There is good news and bad news about ‘Inferno’. First the good news. The action is fast paced, the book is well researched, there is a lot of information on art, architecture, sculpture, the symbolism behind them and the history behind them, and the book gives a lot of information about Dante’s ‘The Divine Comedy’. Readers who would never pick Dante’s book would learn a little bit about it from Brown’s book. And my favourite part was when Brown says that the best translation of ‘The Divine Comedy’ in English is by Allen Mandelbaum. (I have read parts of Mandelbaum’s translation of ‘The Odyssey’ and have loved it. I hope to read his translation of ‘The Aeneid’ some day.)  It is not often that a translator of a classical literary work is glorified in a thriller novel. The last time I remember a translator being glorified in a thriller was in ‘The Chicago Way by Michael Harvey in which Harvey talks glowingly about Richmond Lattimore’s translations of the Greek classics. Now the bad news. The storytelling in ‘Inferno’ is not as sleek as ‘The Da Vinci Code’. There is a lot of information in the book about art and architecture, which has no relevance to the story. (In ‘The Da Vinci Code’ every factoid led to unravelling a clue. That was one of the things I loved about that book.) At some point the story meanders on and on and I will be lying if I didn’t say that I wanted to put it down at some point. Fortunately, I persisted and crossed the line in the end.

 

I forgot to tell you one other good news about the book though. The ending was surprising and not what one would have expected. It tied up beautifully all the loose ends and it was perfect. I would have never said that when I was halfway through the book, but when I reached the end, I realized that the ending was perfect. It was surprising – what management consultants would have described with the much clichéd term ‘out-of-the-box’. It made one think. I am not going to tell you more.

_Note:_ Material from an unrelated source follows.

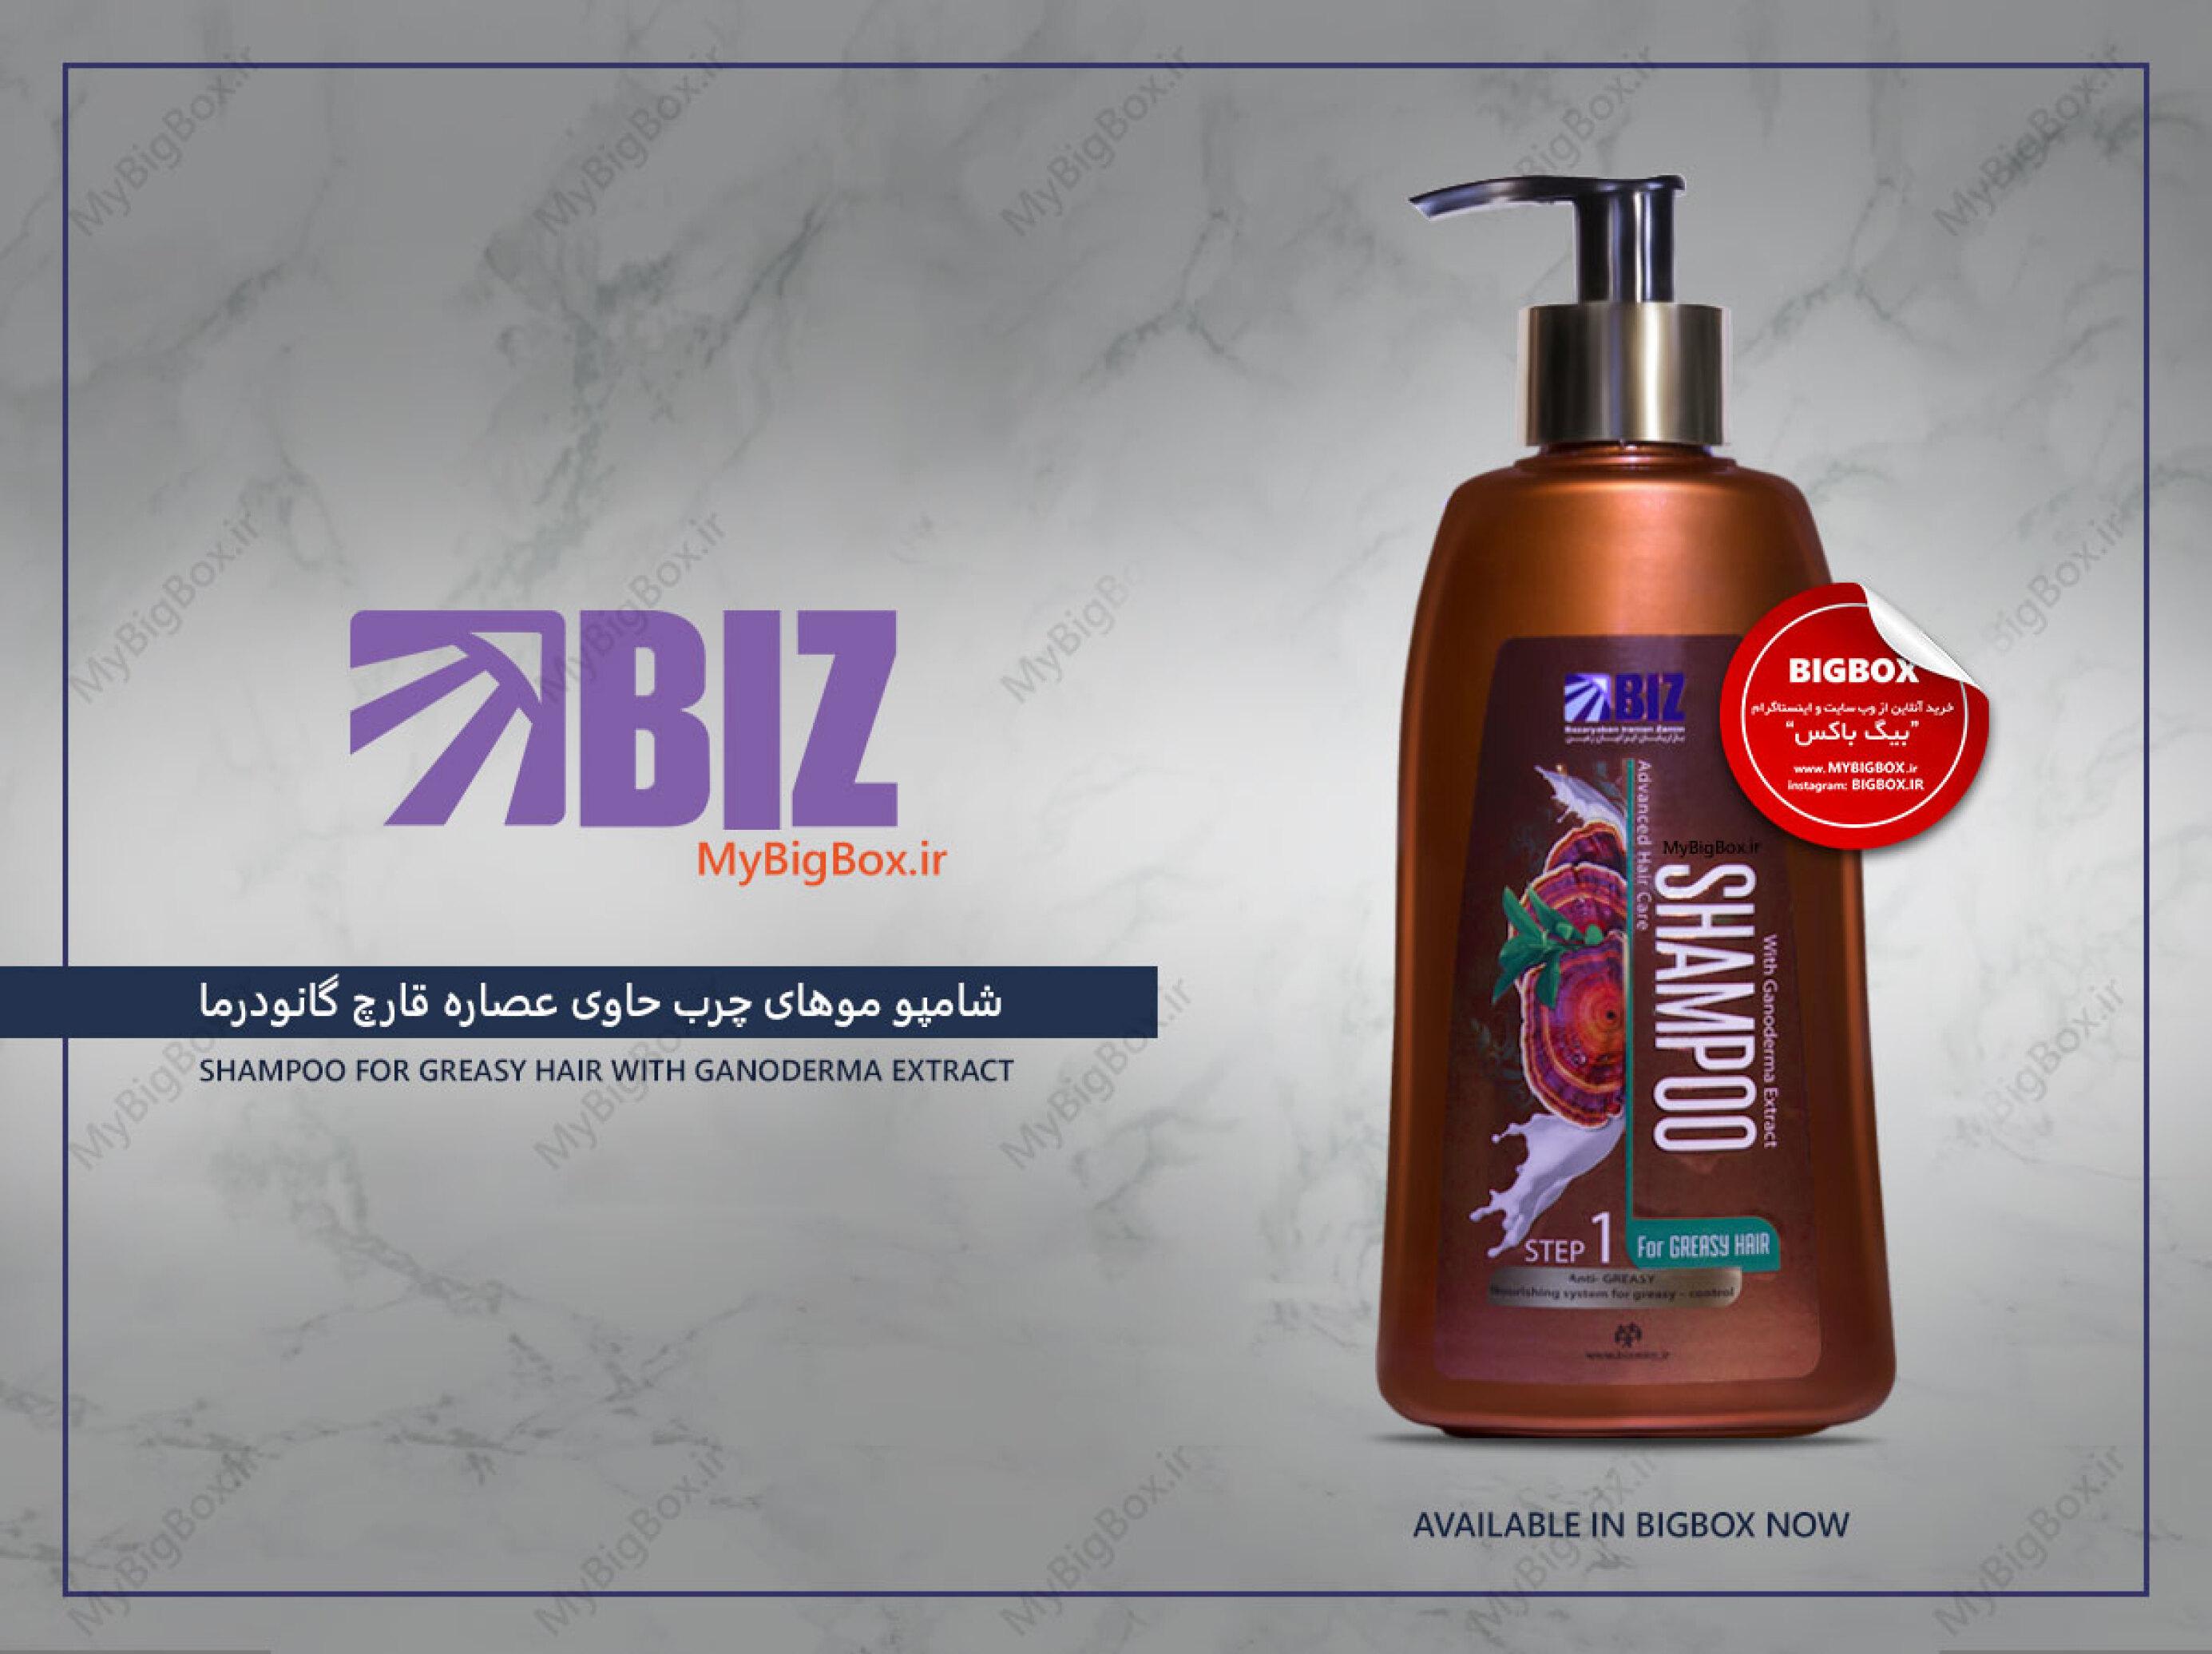 شامپو موهای چرب بیز مدل قارچ گانودرما حجم 300 میلی لیتر Biz shampoo greasy hair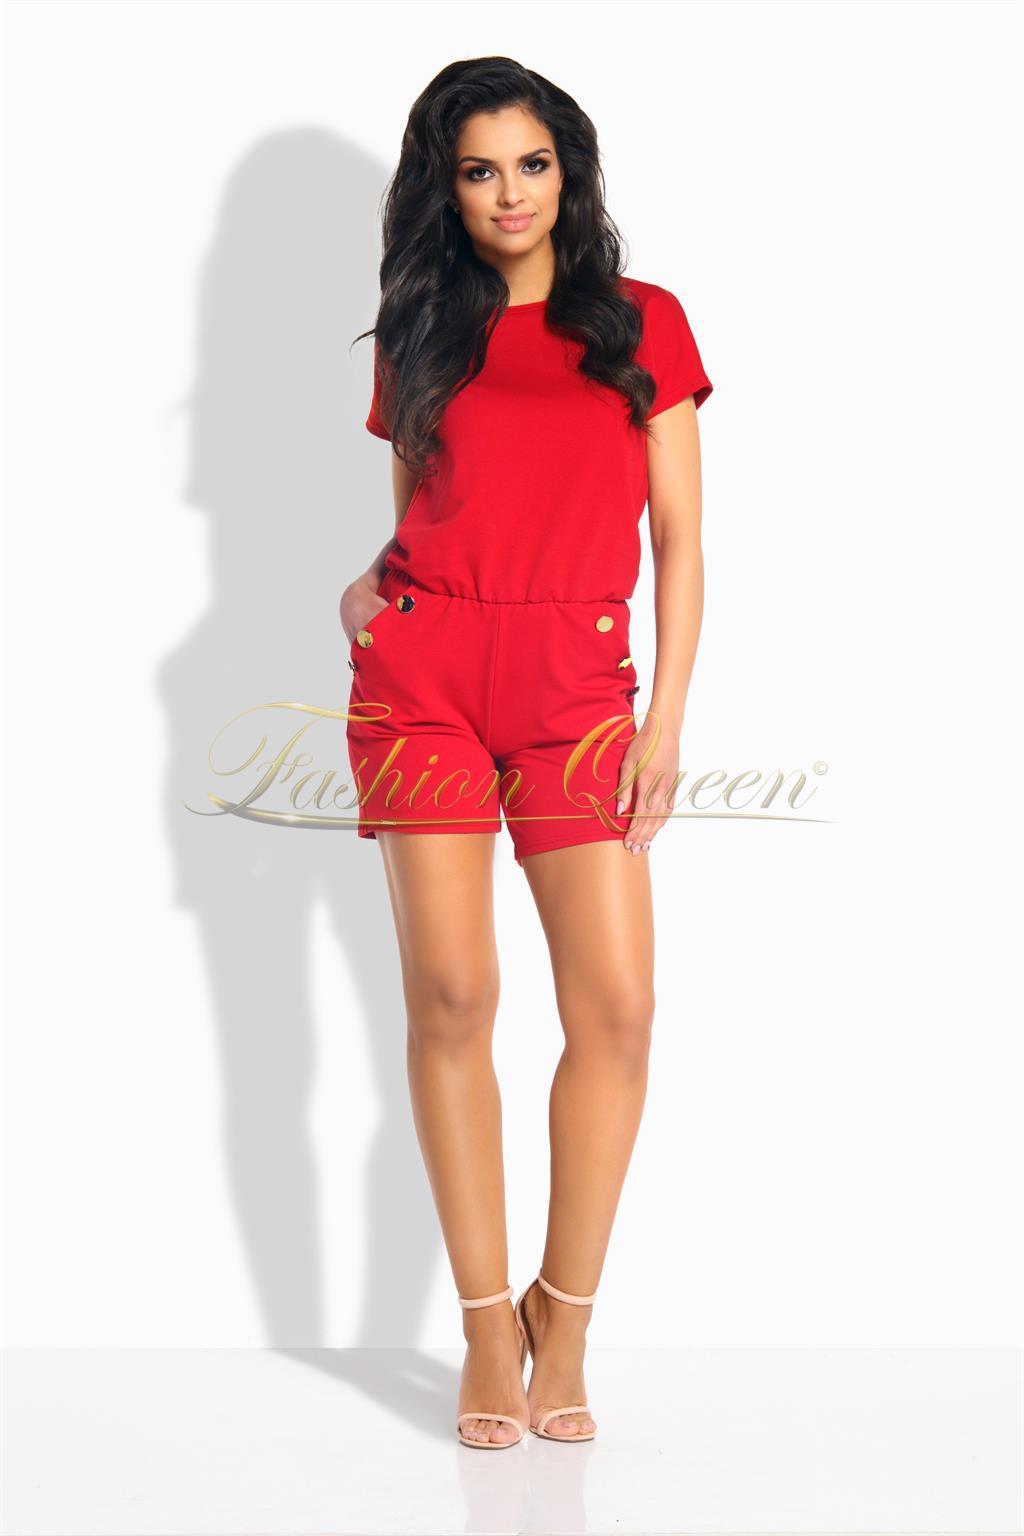 Fashion Queen - Dámske oblečenie a móda - Krátky overal 0629daed1d6

I love the fact that I can write spoiler-free reviews now – I read the above paragraphs and I see that I haven’t said anything about the plot 🙂

 

If you are a Dan Brown / Robert Langdon fan, you might like ‘Inferno’. It is not as good as ‘The Da Vinci Code’ or ‘Angels and Demons’, but it is good in parts and has some redeeming qualities.

 

Have you read ‘Inferno’? What do you think about it?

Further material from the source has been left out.